--- START ---

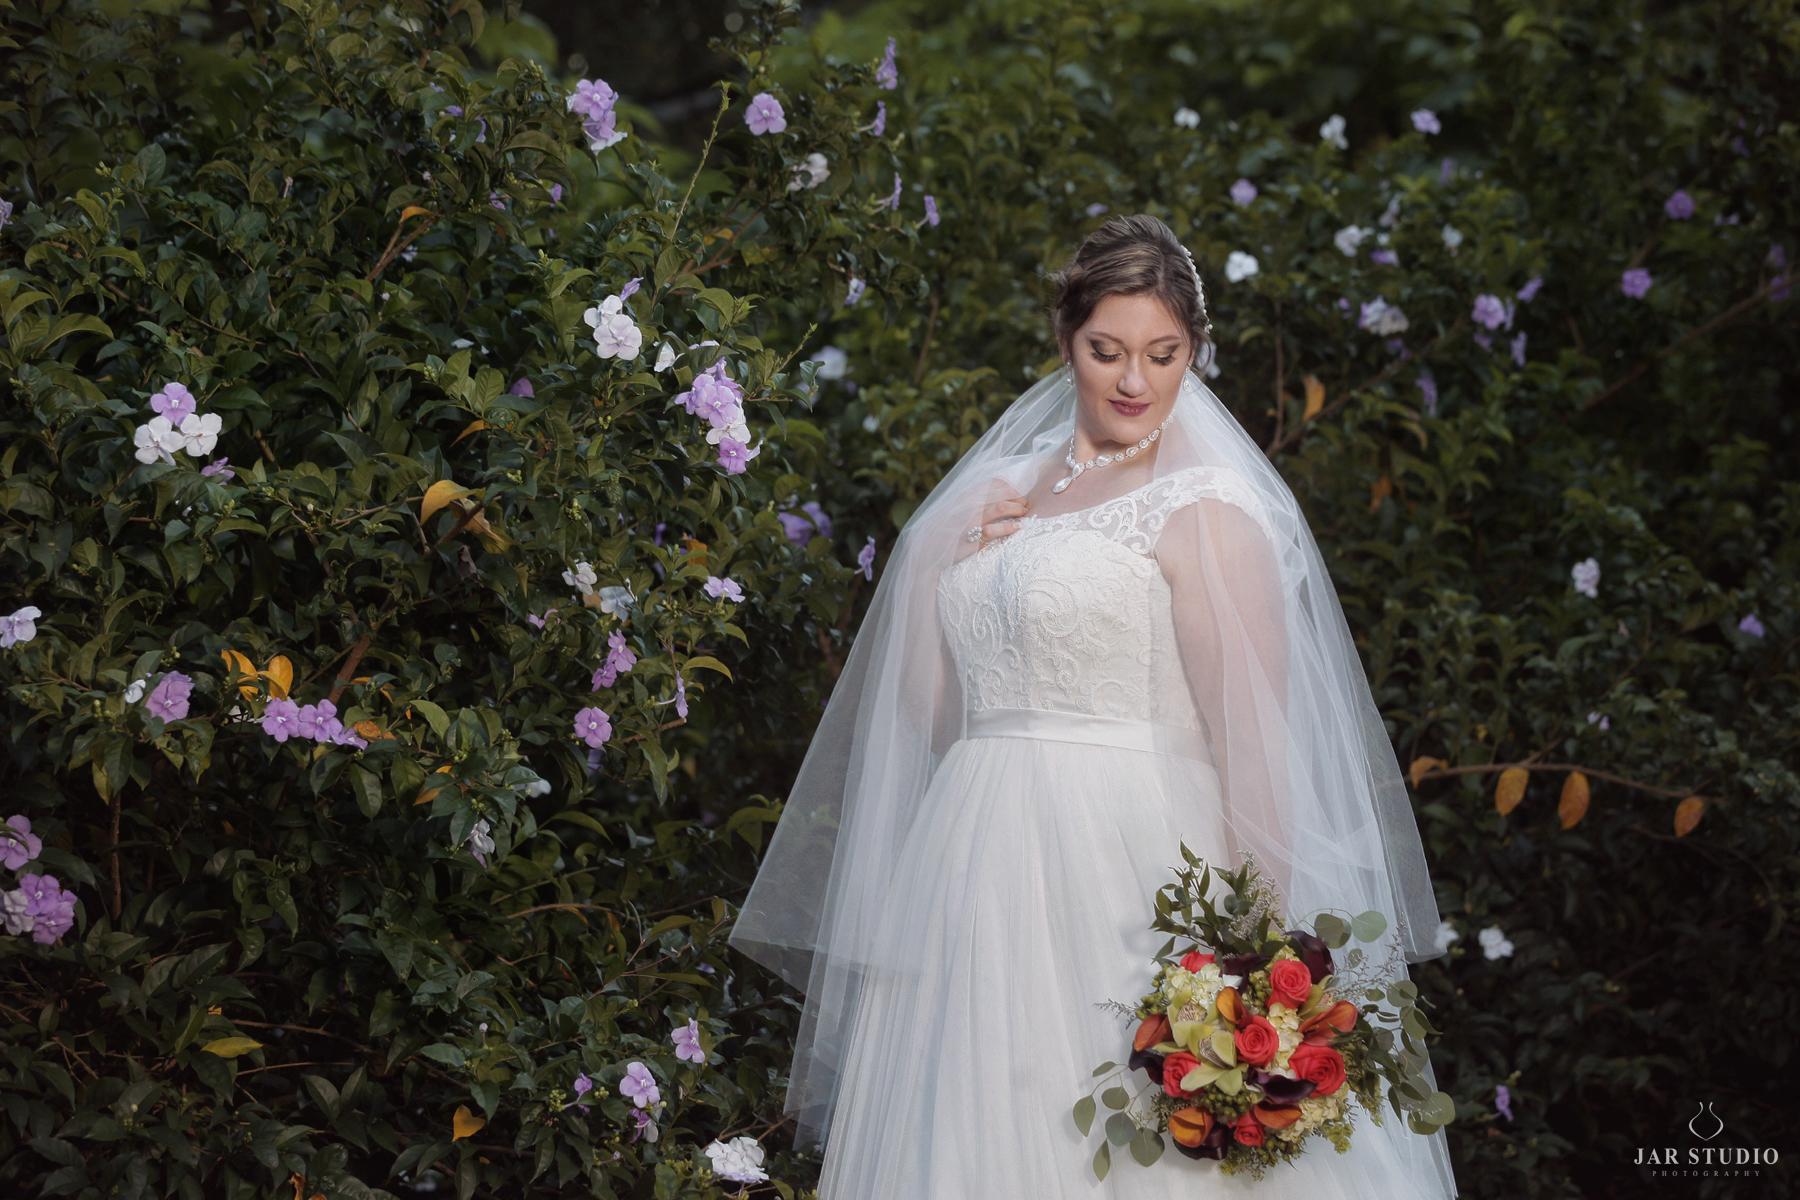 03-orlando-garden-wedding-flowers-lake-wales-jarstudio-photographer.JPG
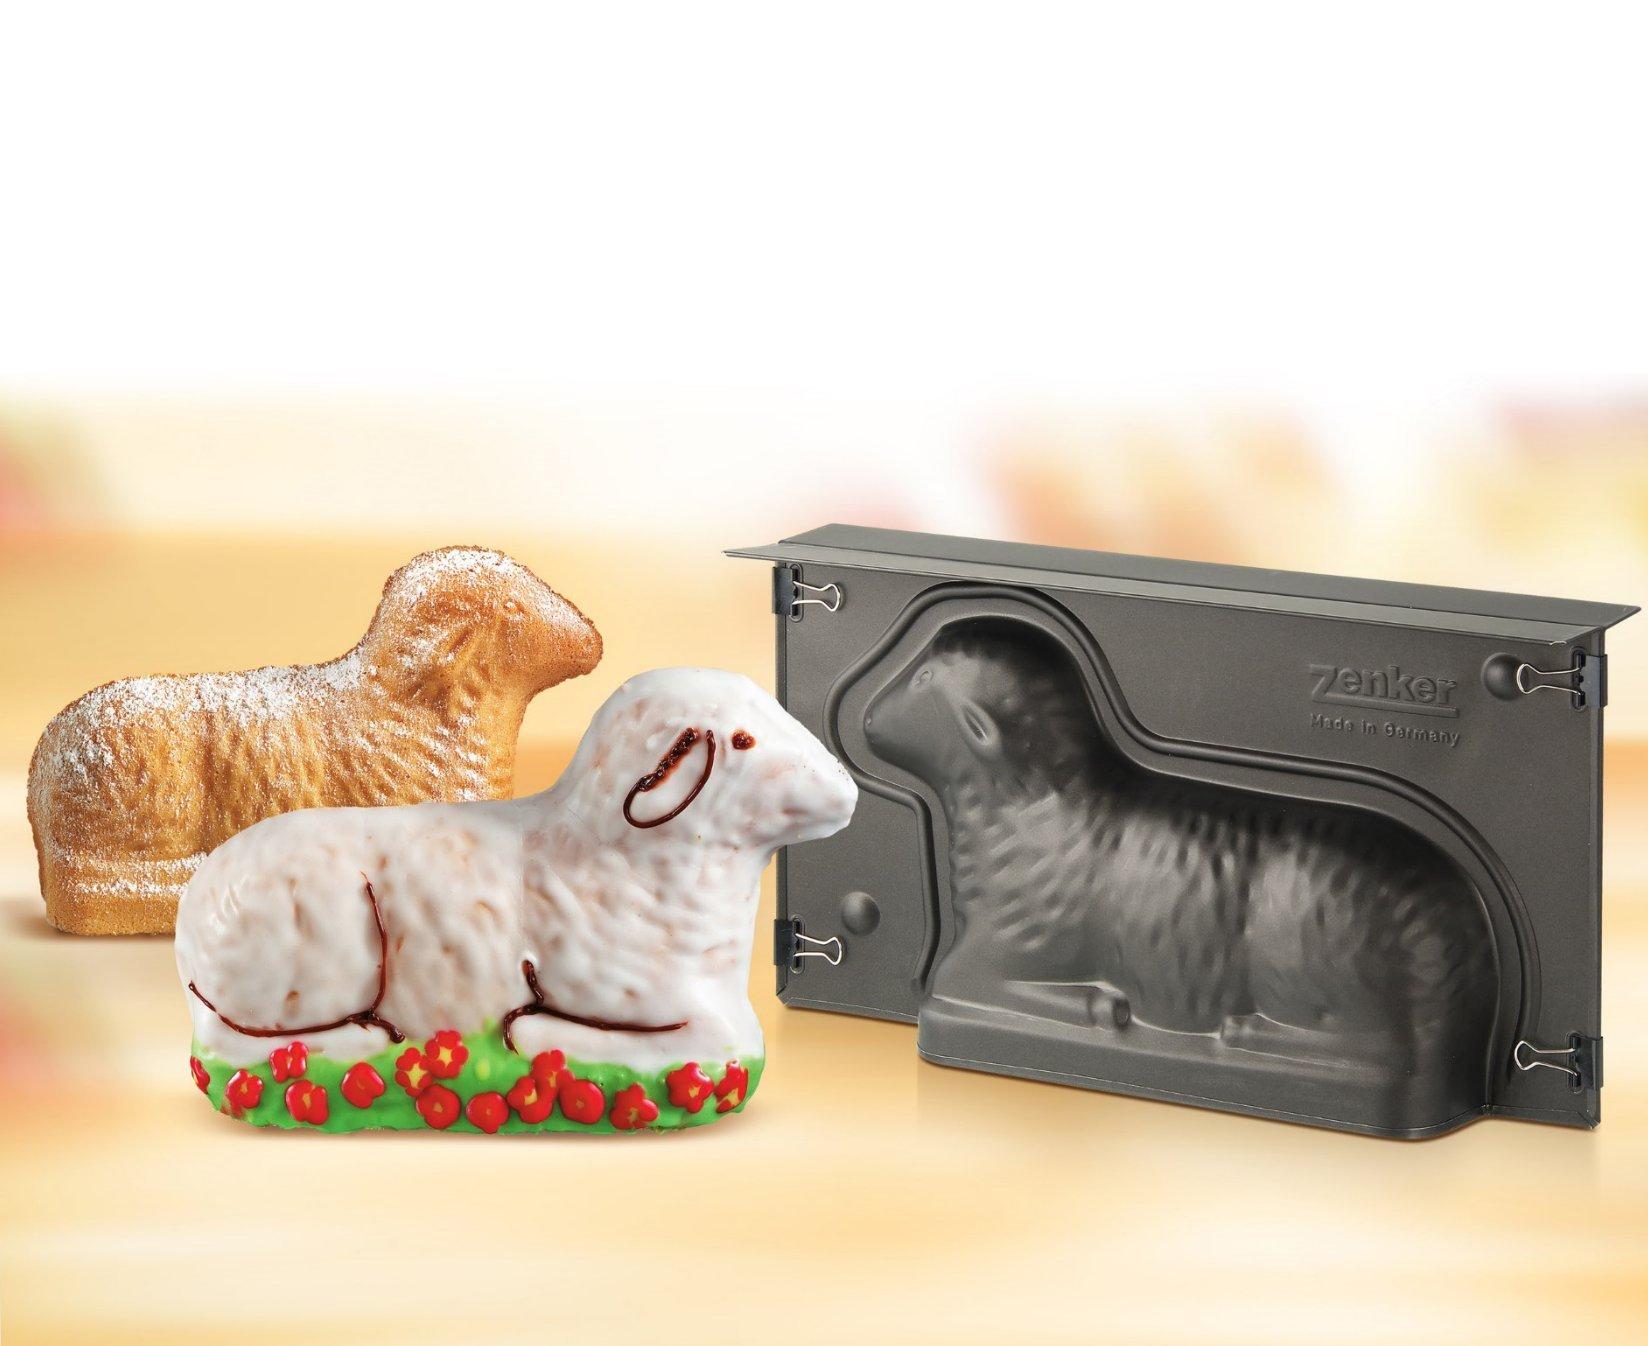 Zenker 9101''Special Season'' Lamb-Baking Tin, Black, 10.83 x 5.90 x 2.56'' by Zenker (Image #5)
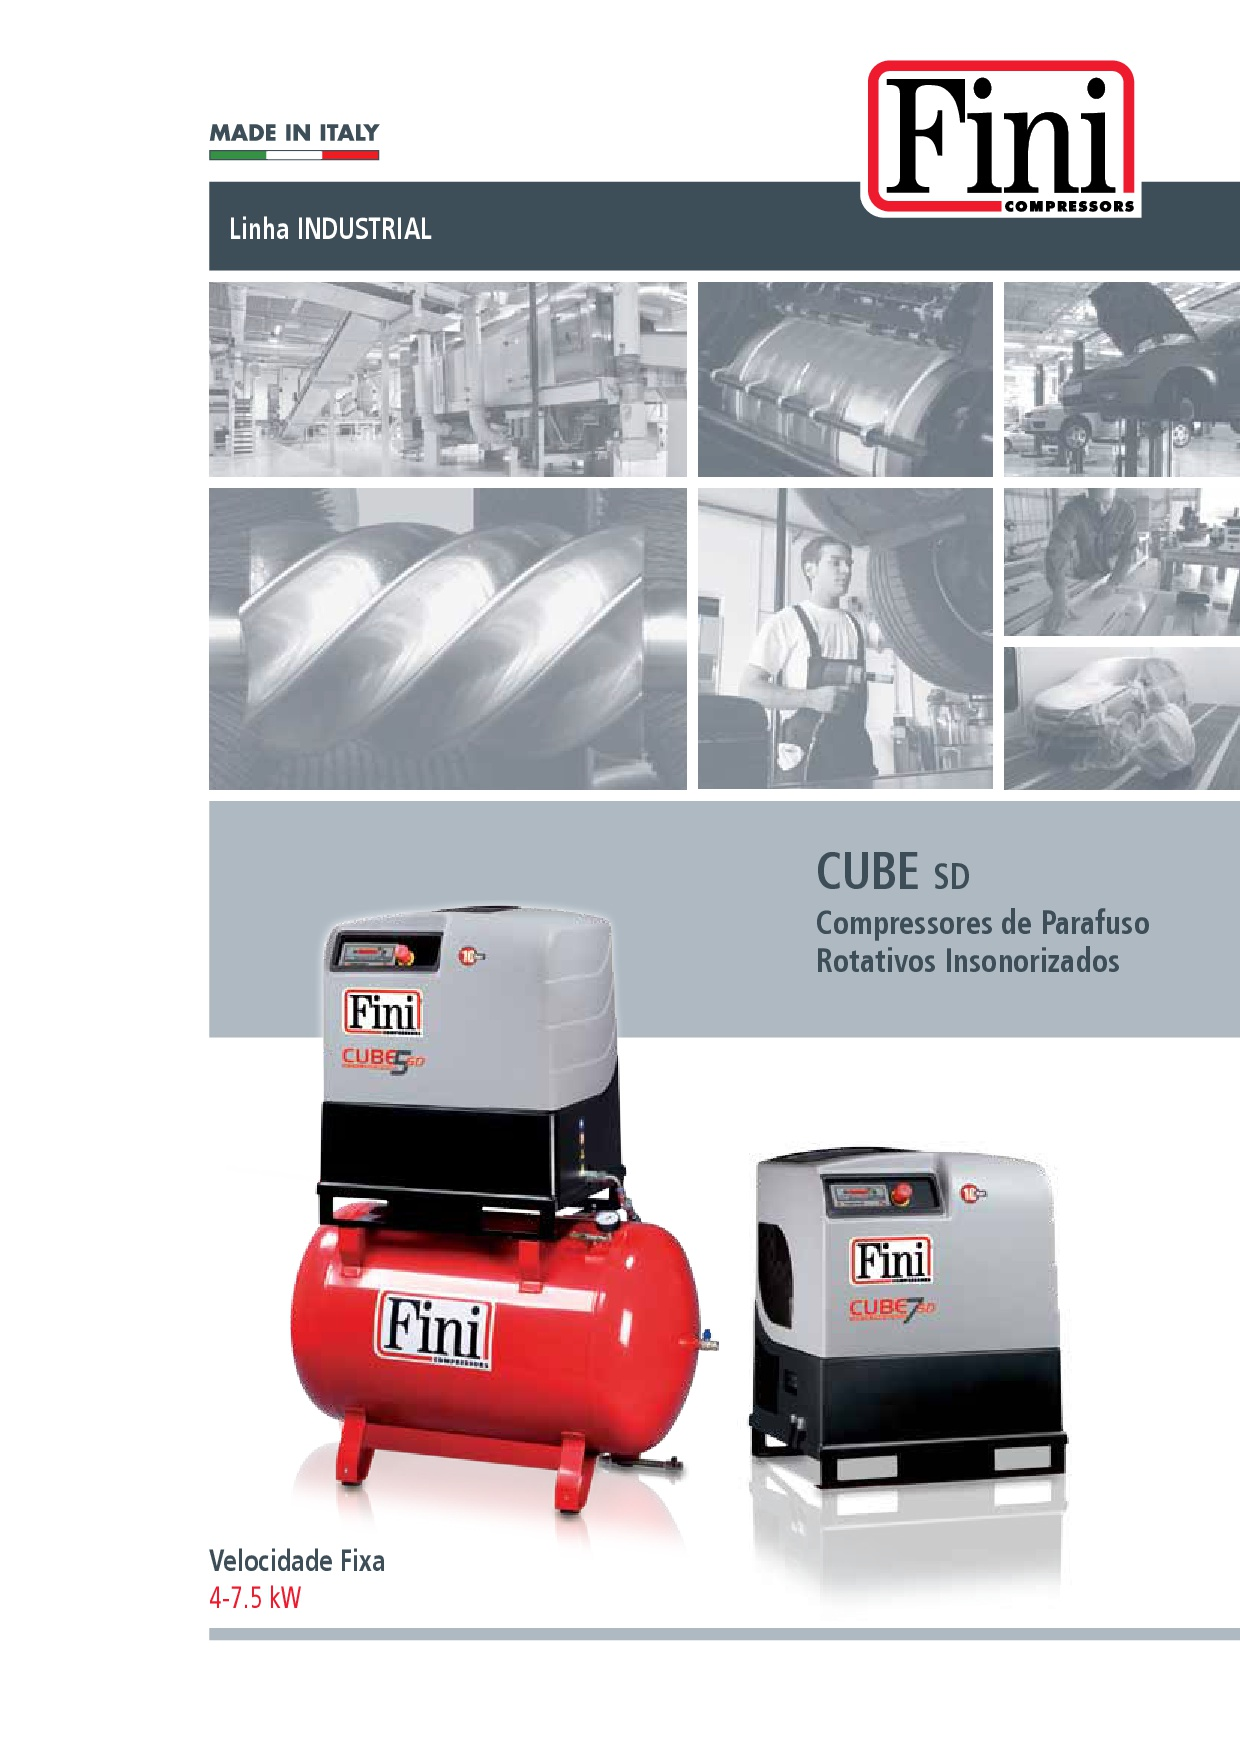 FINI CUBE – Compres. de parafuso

--- END ---

→ Instructions for the task: Copy the listing exactly. Any image in it stays out of the copy.

→ Response to the exercise:
 03-orlando-garden-wedding-flowers-lake-wales-jarstudio-photographer.JPG
 Zenker 9101''Special Season'' Lamb-Baking Tin, Black, 10.83 x 5.90 x 2.56'' by Zenker (Image #5)
 FINI CUBE – Compres. de parafuso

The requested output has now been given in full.